Sadly, that's not the case here.

It is possible that no method is the most specific, because there are two or more methods that are maximally specific. In this case:

• If all the maximally specific methods have override-equivalent (§8.4.2) signatures, then:
  • If exactly one of the maximally specific methods is not declared abstract, it is the most specific method.
  • Otherwise, if all the maximally specific methods are declared abstract, and the signatures of all of the maximally specific methods have the same erasure (§4.6), then the most specific method is chosen arbitrarily among the subset of the maximally specific methods that have the most specific return type. However, the most specific method is considered to throw a checked exception if and only if that exception or its erasure is declared in the throws clauses of each of the maximally specific methods.
• Otherwise, we say that the method invocation is ambiguous, and a compile-time error occurs.

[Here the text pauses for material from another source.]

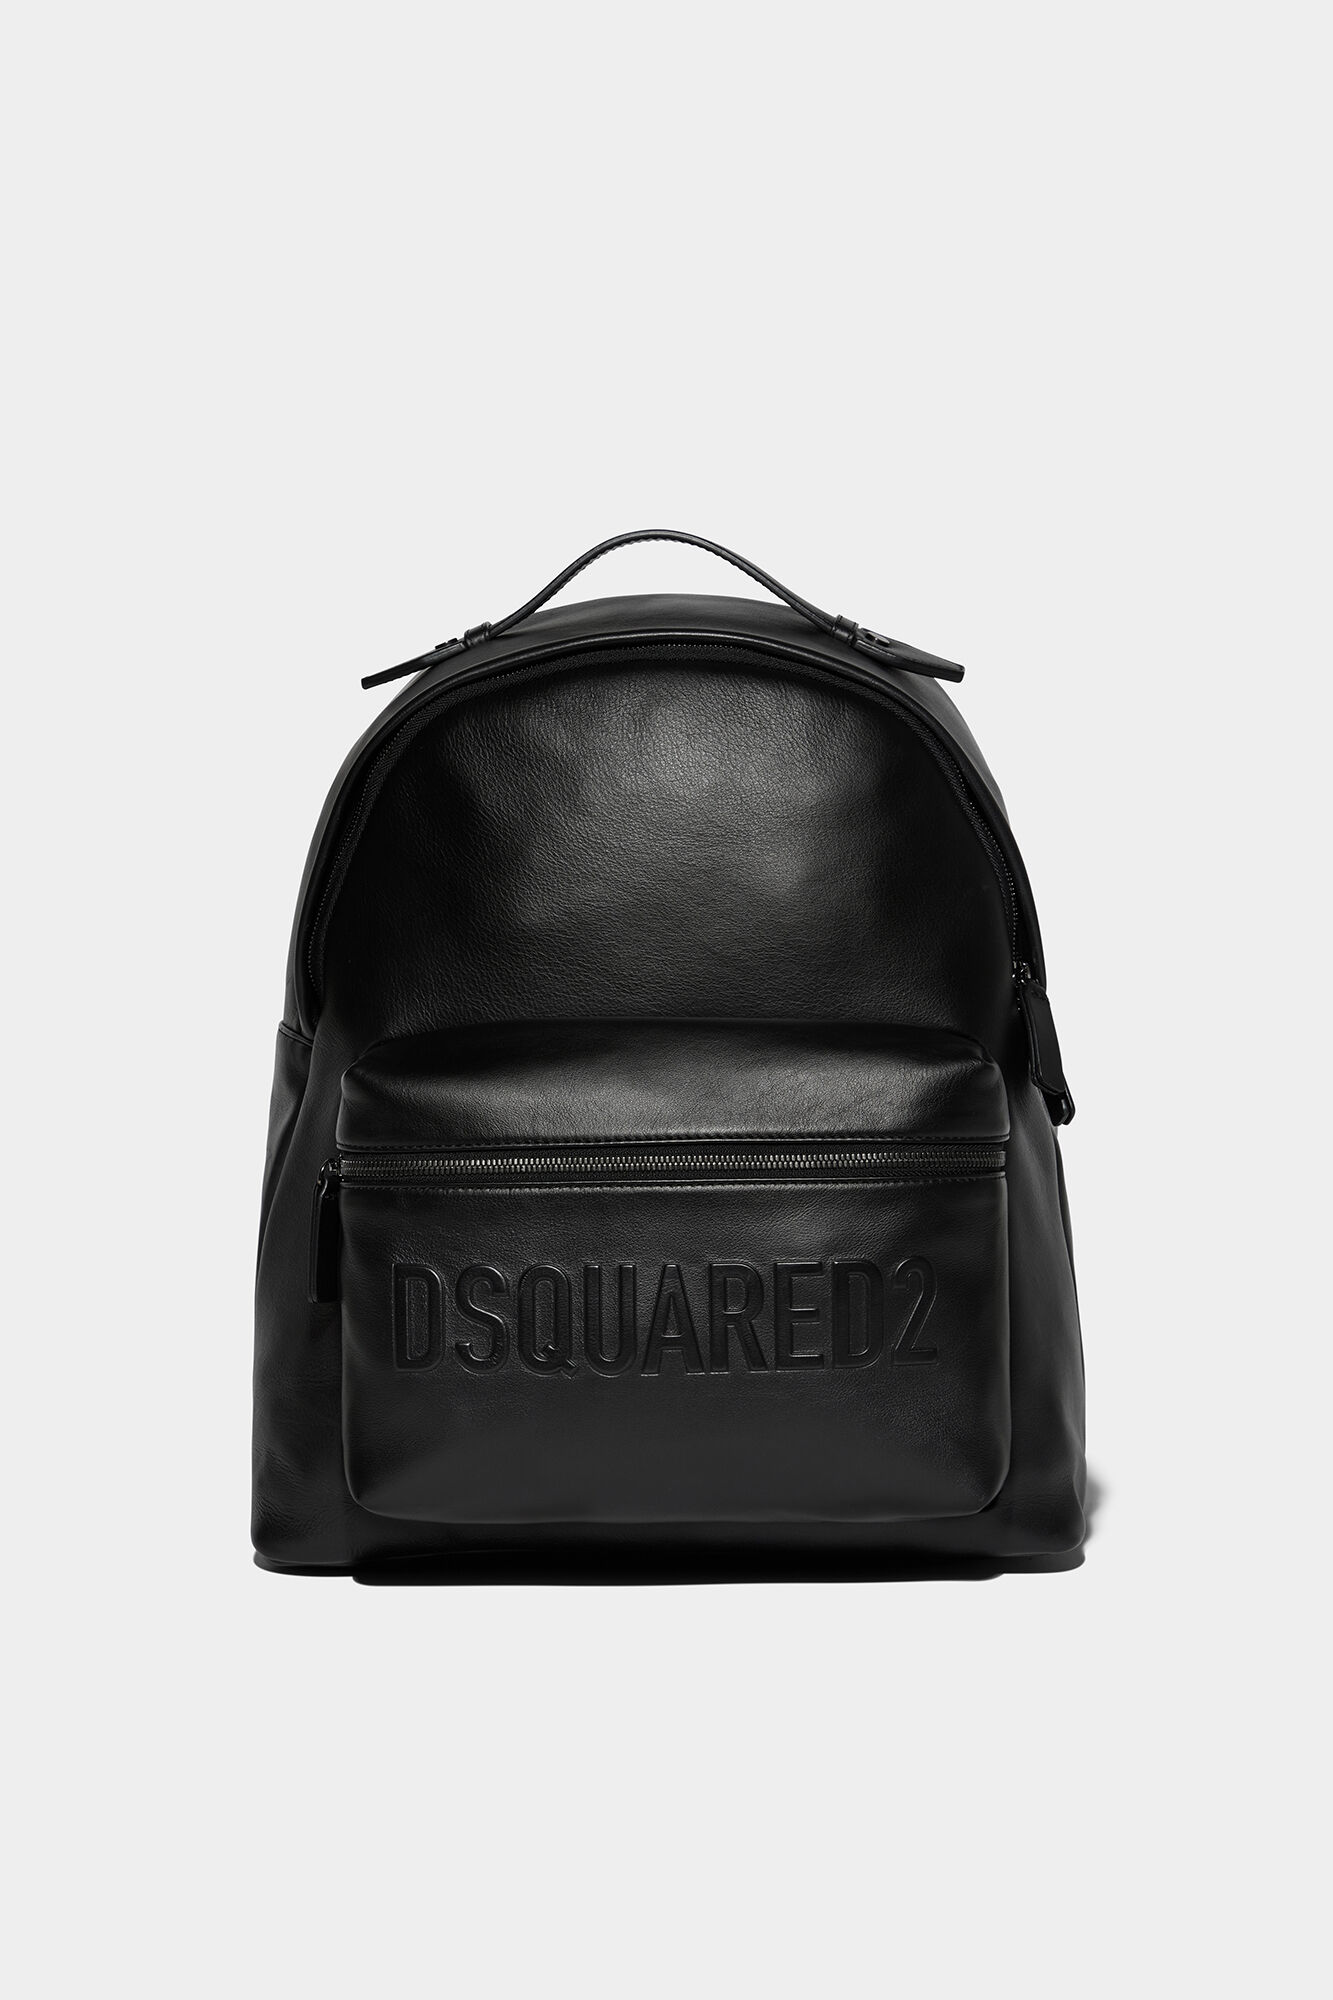 Bob' backpack Dsquared2 - Croissant shoulder bag - GenesinlifeShops KR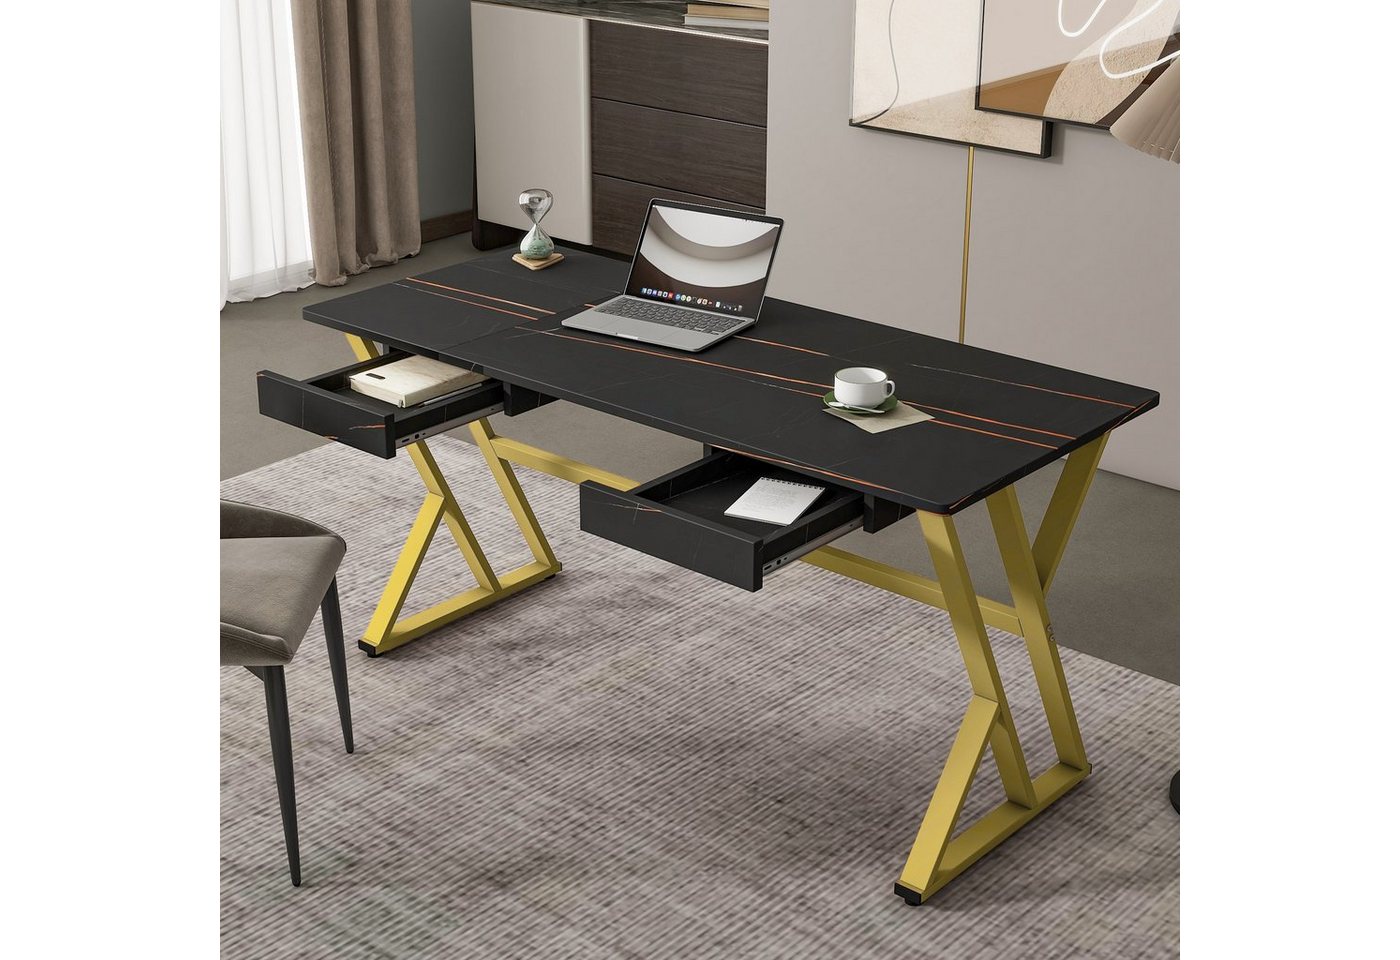 Fangqi Arbeitstisch 150*60*74cm grosser Computer-Schreibtisch mit zwei Schubladen (Er kann auch in einem Arbeitszimmer, als Frisiertisch oder sogar als kleiner Esstisch verwendet werden), gold + schwarz marmoriert von Fangqi

And that, finally, is the salient point: All inherited methods have identical, and therefore override-equivalent signatures. However, the method inherited from the generic interface Filter doesn't have the same erasure as the other ones.

Therefore,

1. The first example will compile because all methods are abstract, override-equivalent, and have the same erasure.
2. The second example will not compile, because all methods are abstract, override-equivalent, but their erasure isn't the same.
3. The third example will compile, because all candicate methods are abstract, override-equivalent, and have the same erasure. (The method with a different erasure is declared in a subclass, and hence not a candidate)
4. The fourth example will compile, because all methods are abstract, override-equivalent, and have the same erasure.
5. The last example (repeat abstract method in CombiningFileFilter) will compile, because that method is override-equivalent with all inherited accept methods, and therefore overrides them (note that same erasure is not required for overriding!). So there is only a single appliccable and accessible method, which is therefore the most-specific one.

I can only speculate why the spec requires same erasures in addition to override-equivalence. It might be because, to retain backwards compatibility with non-generic code, the compiler is required to emit a synthetic method with erased signature when a method declaration refers to type parameters. In this erased world, what method can the compiler use as target for the method invocation expression? The Java Language Specification side-steps this issue by requiring that a suitable, shared, erased method declaration is present.

To conclude, javac's behaviour, though far from intuitive, is mandated by the Java Language Specification, and eclipse fails the compatibility test.

Answer 2

There is a method in the FileFilter interface that has the same signature as the one from your concrete interface Filter<File>. They both have the signature accept(File f).

It is an ambiguous reference because the compiler has no way of knowing which of these methods to call in your overridden accept(File f, String name ) method call.